→ WHAT THE TASK ASKS
Write the listing out again word for word, excluding any pictures.

→ INFORMATION PROVIDED
☆ ☆ ☆ ☆ ☆
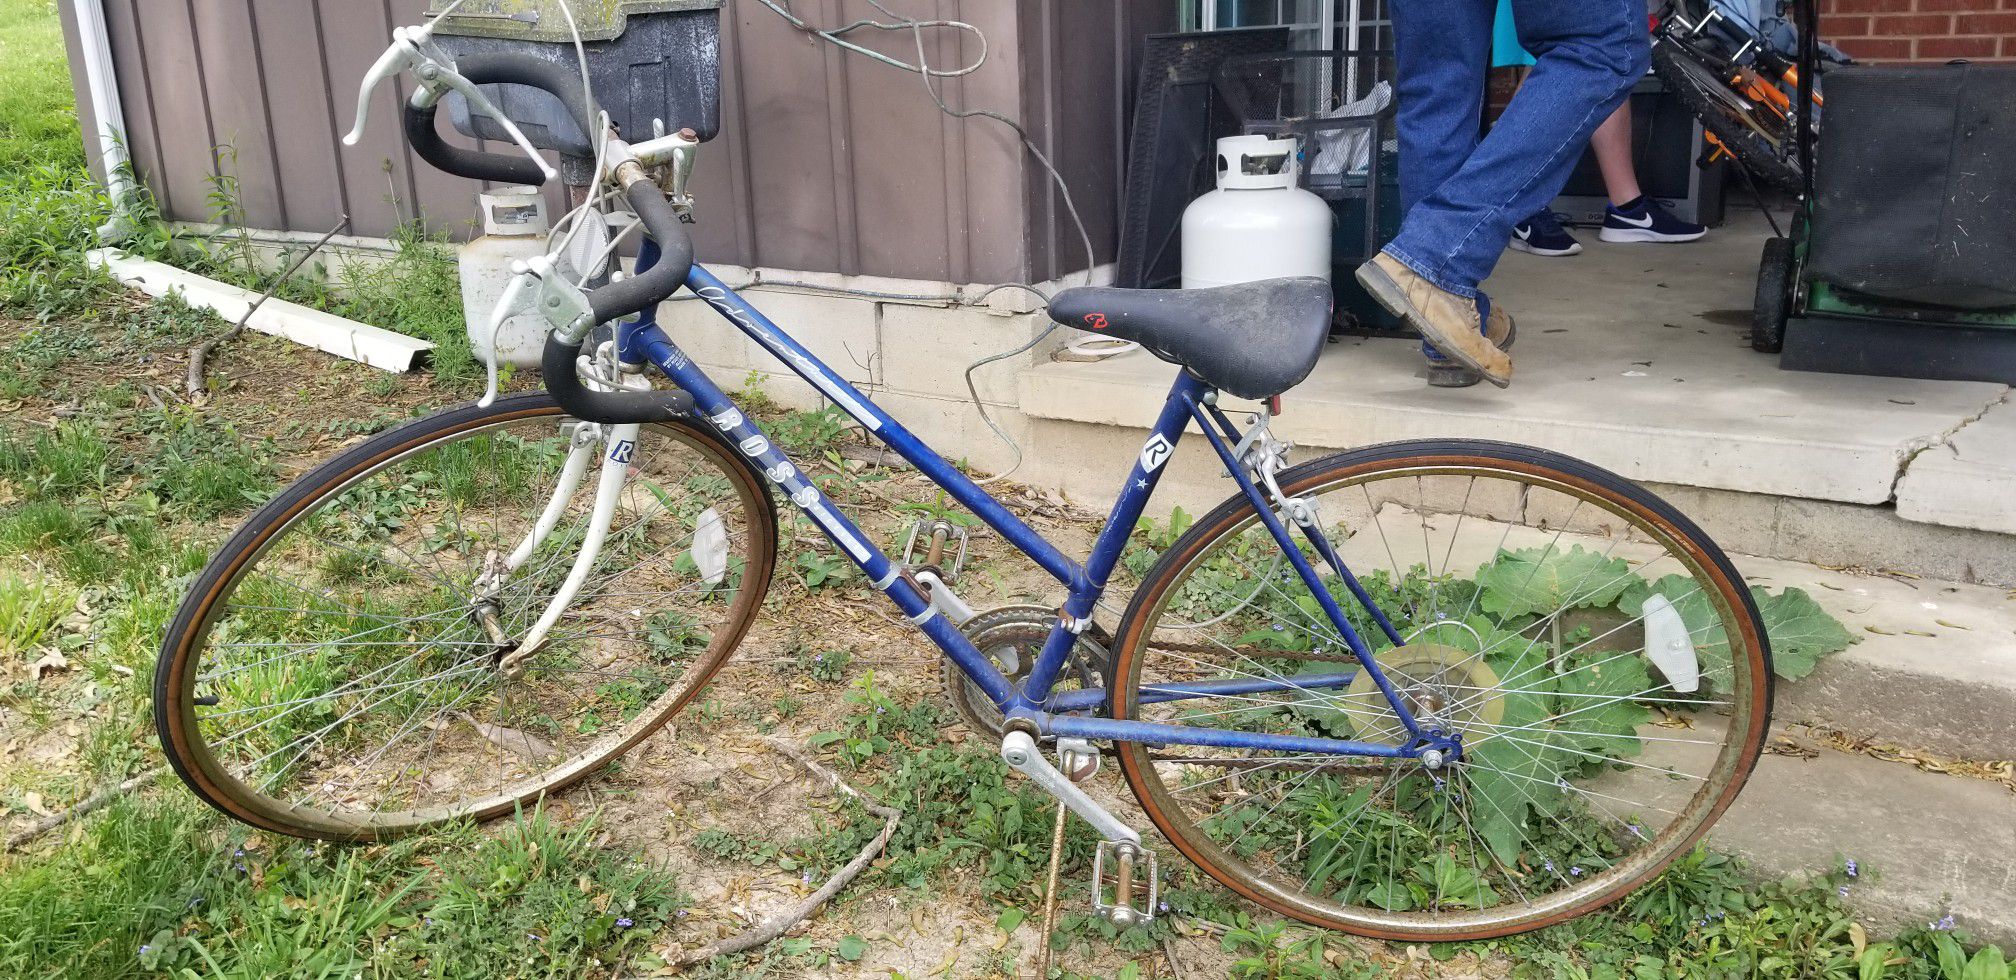 Ross Adventurer 10 speed womans bike. Circa 1988...In fair condition. Needs TLC, new tires and brakes.
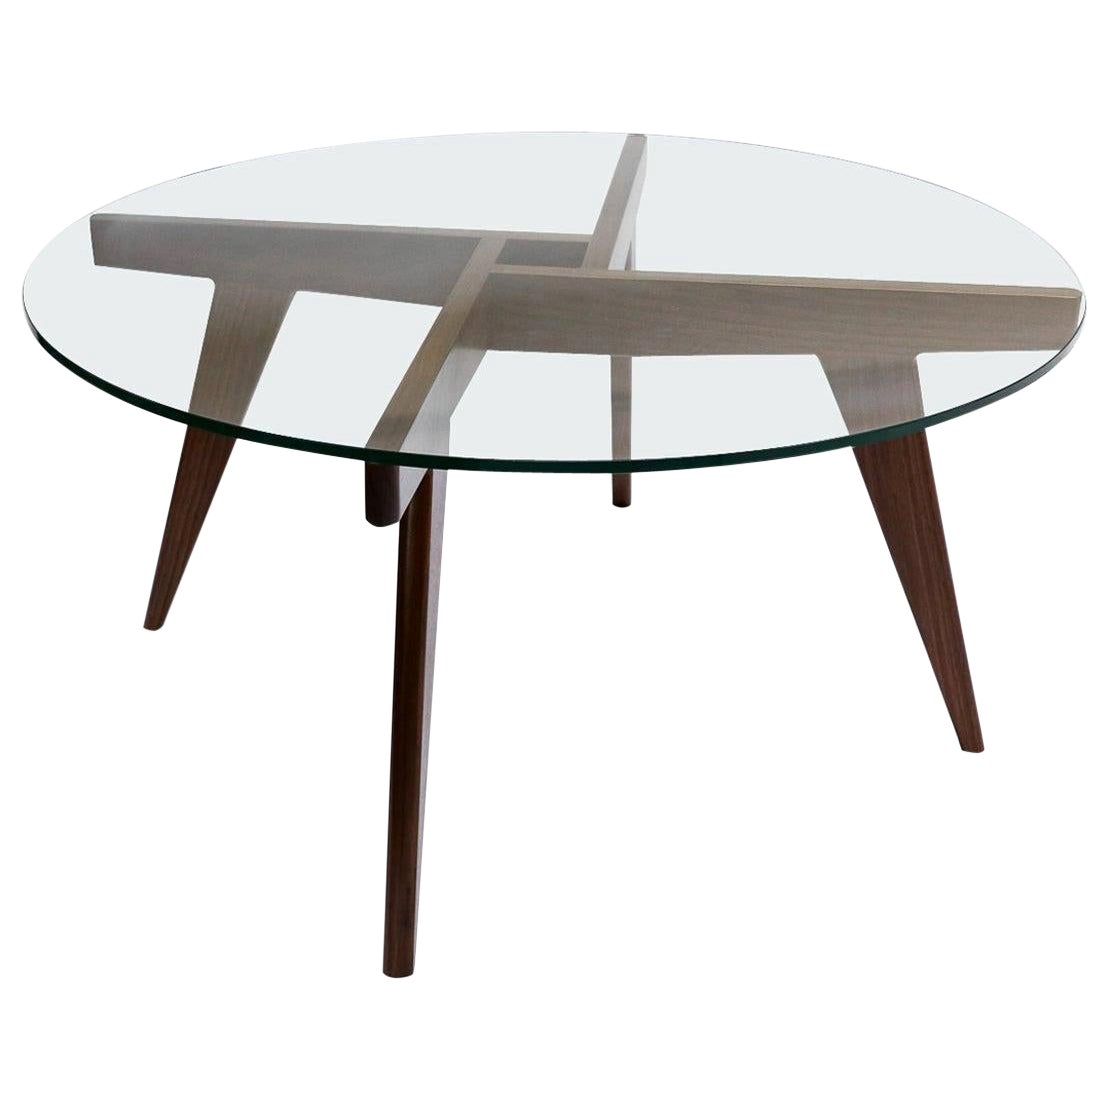 Custom Walnut Midcentury Style Coffee Table with Glass Top by Adesso Imports For Sale
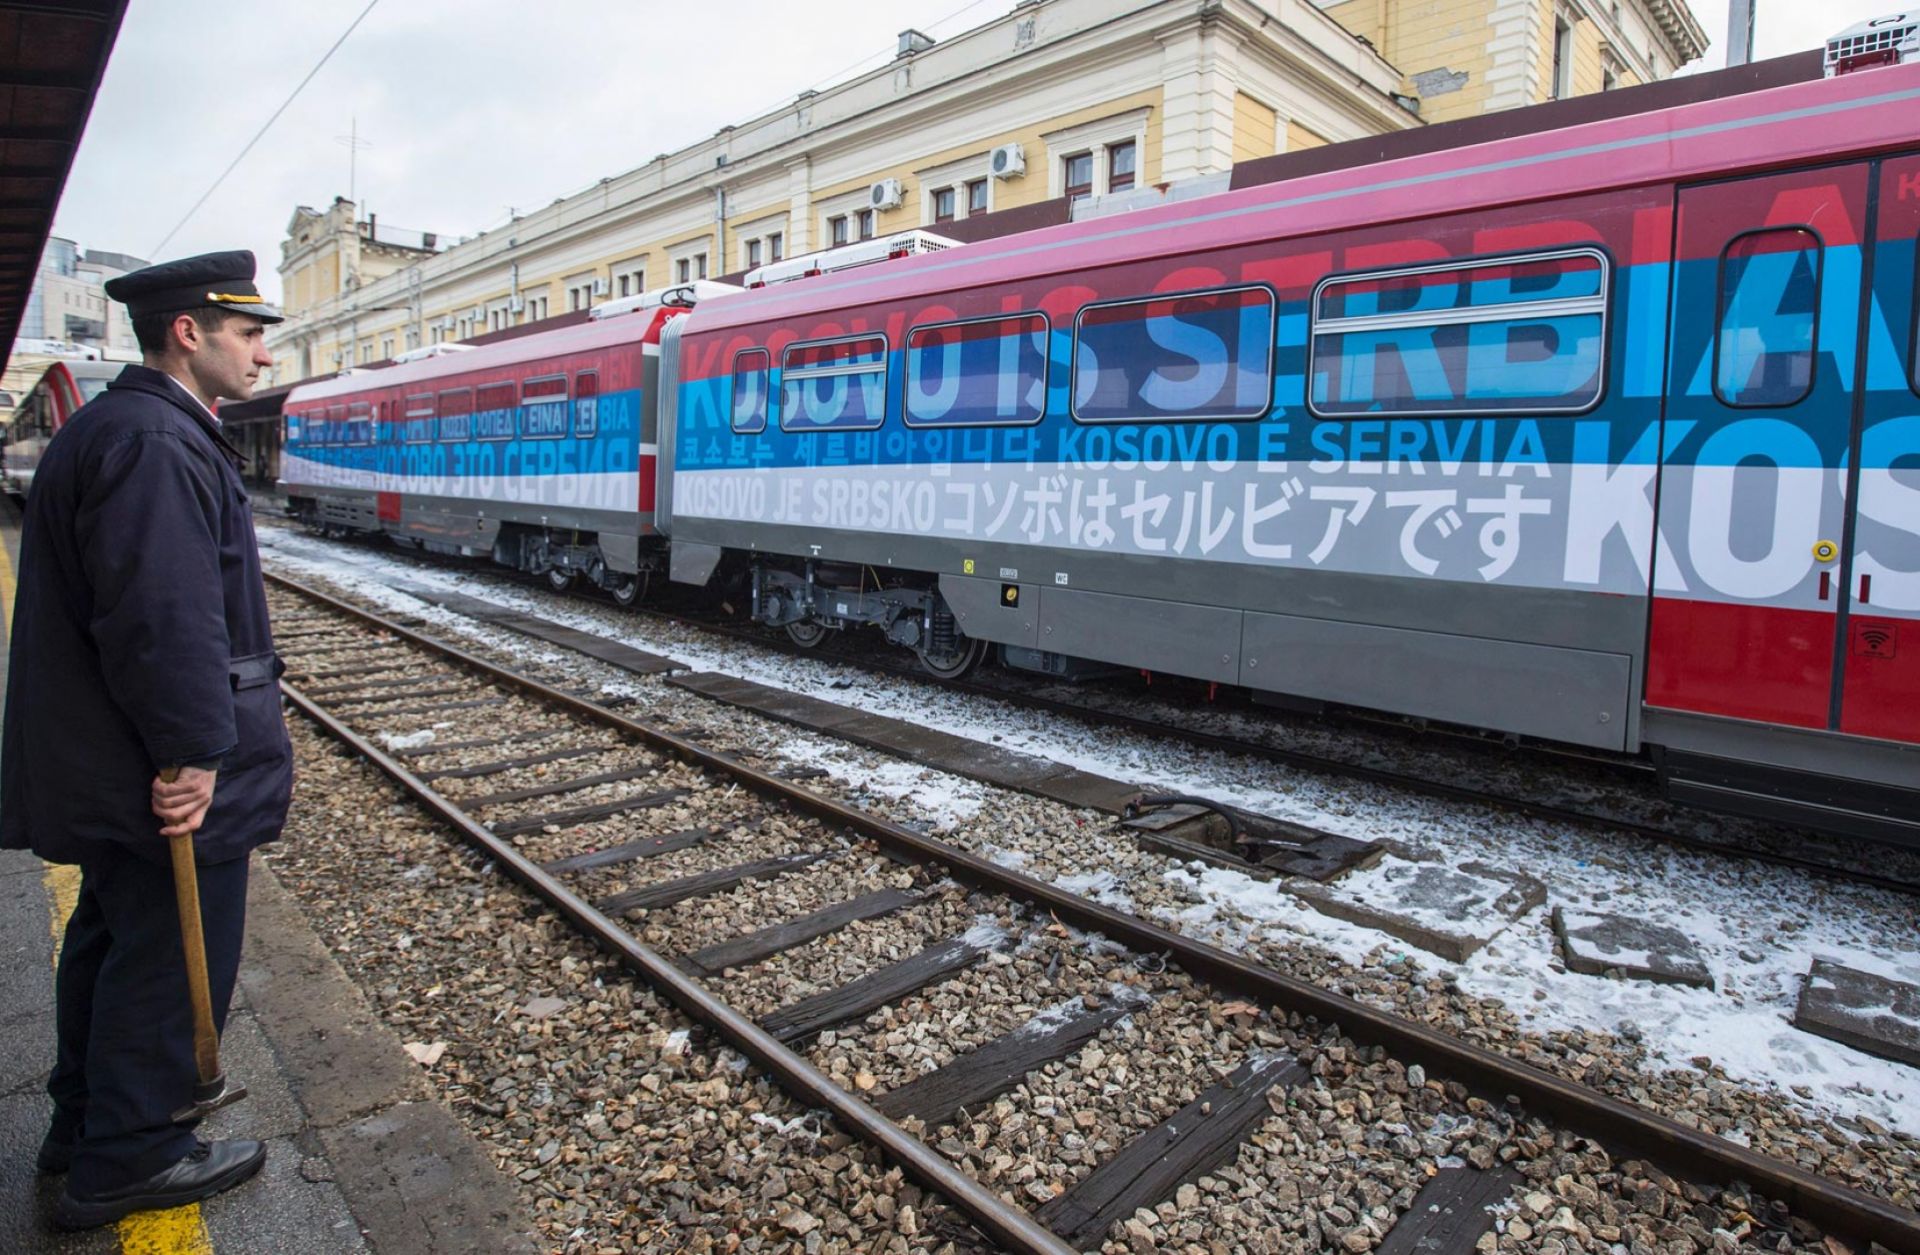 In January, conflict almost erupted in the Balkans after the Kosovar government dispatched special police forces to stop a Serbian train headed into Kosovo's majority-Serb northern territory, emblazoned with the slogan "Kosovo is Serbia" in 21 languages.
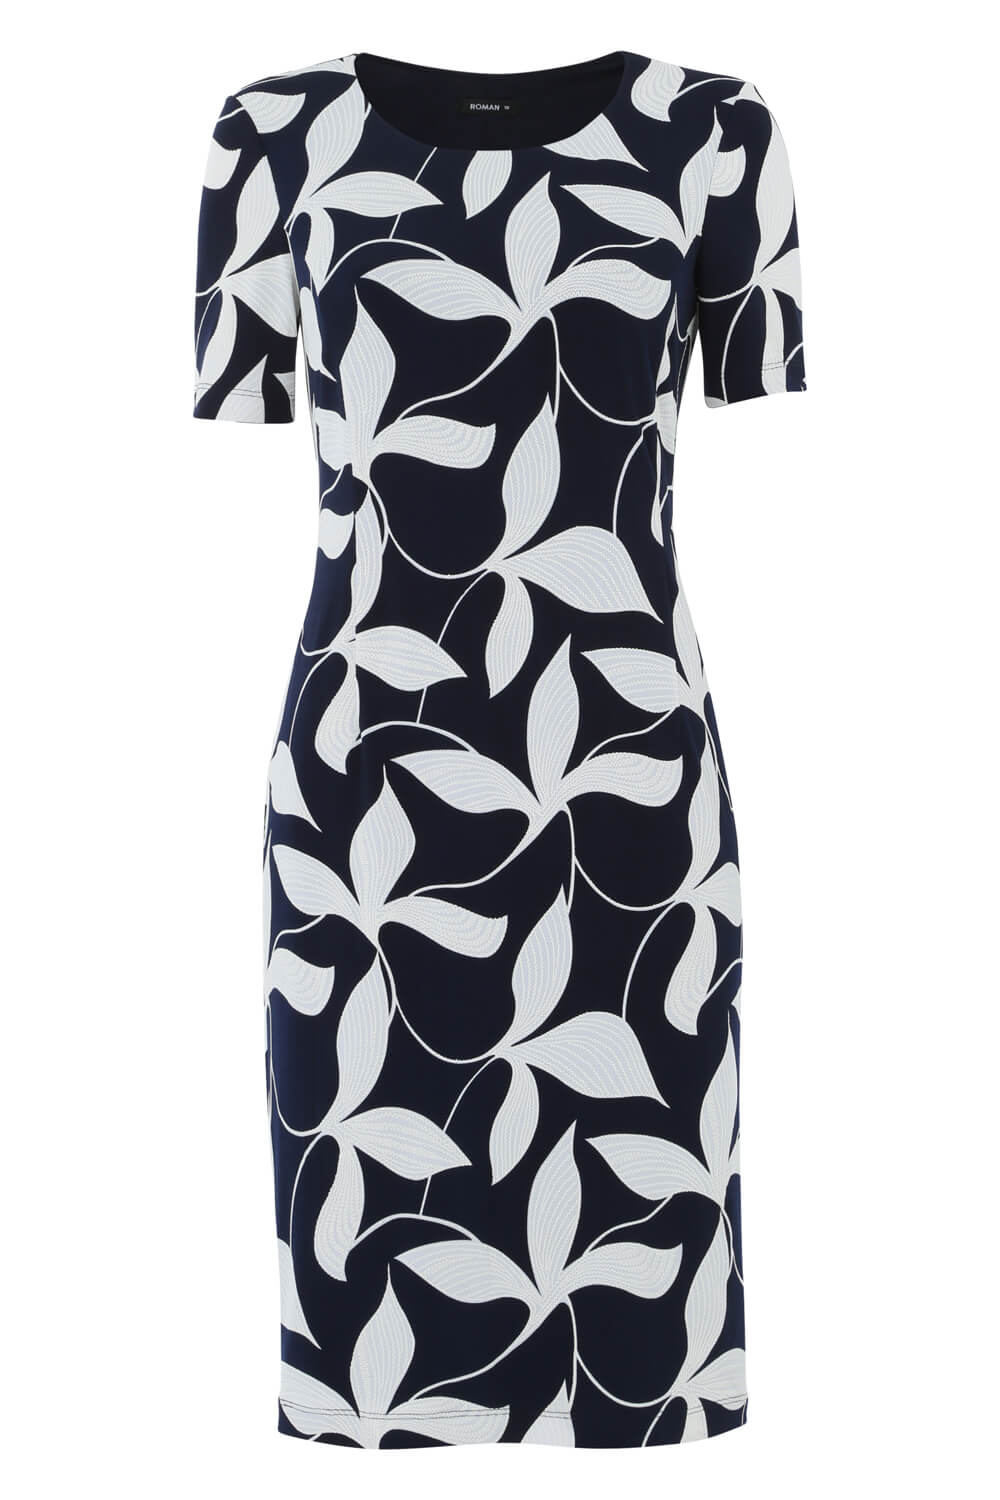  Abstract Leaf Textured Print Shift Dress, Image 4 of 4
☆ ☆ ☆ ☆ ☆
→ ANSWER FOR THIS EXERCISE
 Ross Adventurer 10 speed womans bike. Circa 1988...In fair condition. Needs TLC, new tires and brakes.
 Custom Walnut Midcentury Style Coffee Table with Glass Top by Adesso Imports For Sale
 In January, conflict almost erupted in the Balkans after the Kosovar government dispatched special police forces to stop a Serbian train headed into Kosovo's majority-Serb northern territory, emblazoned with the slogan "Kosovo is Serbia" in 21 languages.
  Abstract Leaf Textured Print Shift Dress, Image 4 of 4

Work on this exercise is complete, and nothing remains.